Совсем в лесу темно. Дорога около оврага тянется. Вот оно, самое подходящее место. Стянуть в овраг пониже, в орешник – сам черт не найдет!
– Тпру!
Постоял над оврагом, почесался и начал стягивать с телеги музыку.
– Тяга-то какая!
Отдохнул маленько и начал спихивать фортепиано в овраг. Хотел, чтобы ползком съехала эта тяга, а ножка обломилась и музыка пошла кувырком и начала так играть струнами, что весь лес испугался. На обрыв наскочил Миколка Шалый.
Докатилось фортепиано до самого дна и последний раз простонало гармоничным стоном струн. В ночной тишине этот стон долго и медленно замирал… И вдруг где-то запел соловушек!
Постоял Миколка Шалый с опущенной головой над оврагом, почмокал губами. Потом рассердился на свою кобылу и, заворачивая телегу, начал хлестать ее вожжами по морде…

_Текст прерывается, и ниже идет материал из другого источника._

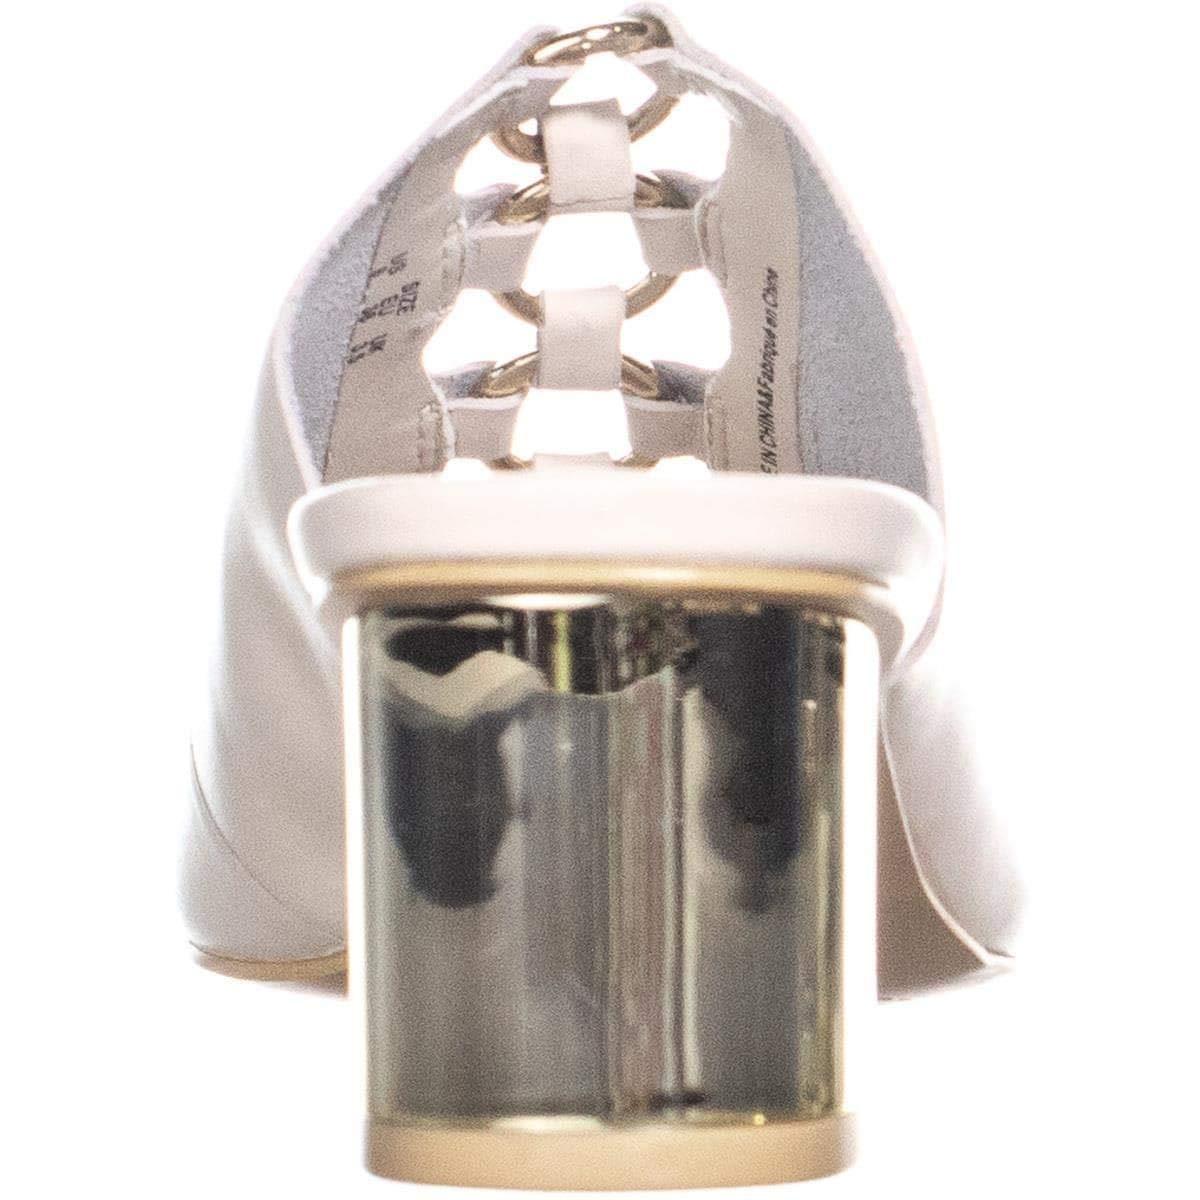 DKNY Womens Greyson Leather Peep Toe Mules Stone Size 8.5

Выправил на дорогу и поехал шажком, напевая грустную песенку…
А на другой день приехал становой, урядник, стражники. Потом земский начальник с генералом из Замураевки. Начался скорый суд и расправа… Никудышевцы стояли на коленях, плакали, каялись, выдавали друг друга…
– Как сам хочешь: либо под суд, либо двадцать пять плетей?
– Знамо, уж лучше порите!
– Скидывай портки!
Выдали и Миколку Шалого. Сперва отпирался, а потом покаялся и все рассказал чистосердечно.
– Простите Христа ради, господа начальники! Черт попутал…
– Барской музыки захотел? Любитель какой!
И тоже предложили на выбор: под суд или 35 плетей?
– Что же это, ваши благородия, почему другим по 25, а мне больше?
– За барскую музыку дороже! А то как хочешь…
Миколка Шалый почесывался, но за него крикнула жена:
– Чаво думать, дурак? Порите его!
– Да уж… Согласен!
Миколку Шалого пороли, а жена смотрела и ругала издали:
– Так тебе, дураку, и надо! Вот те и музыка!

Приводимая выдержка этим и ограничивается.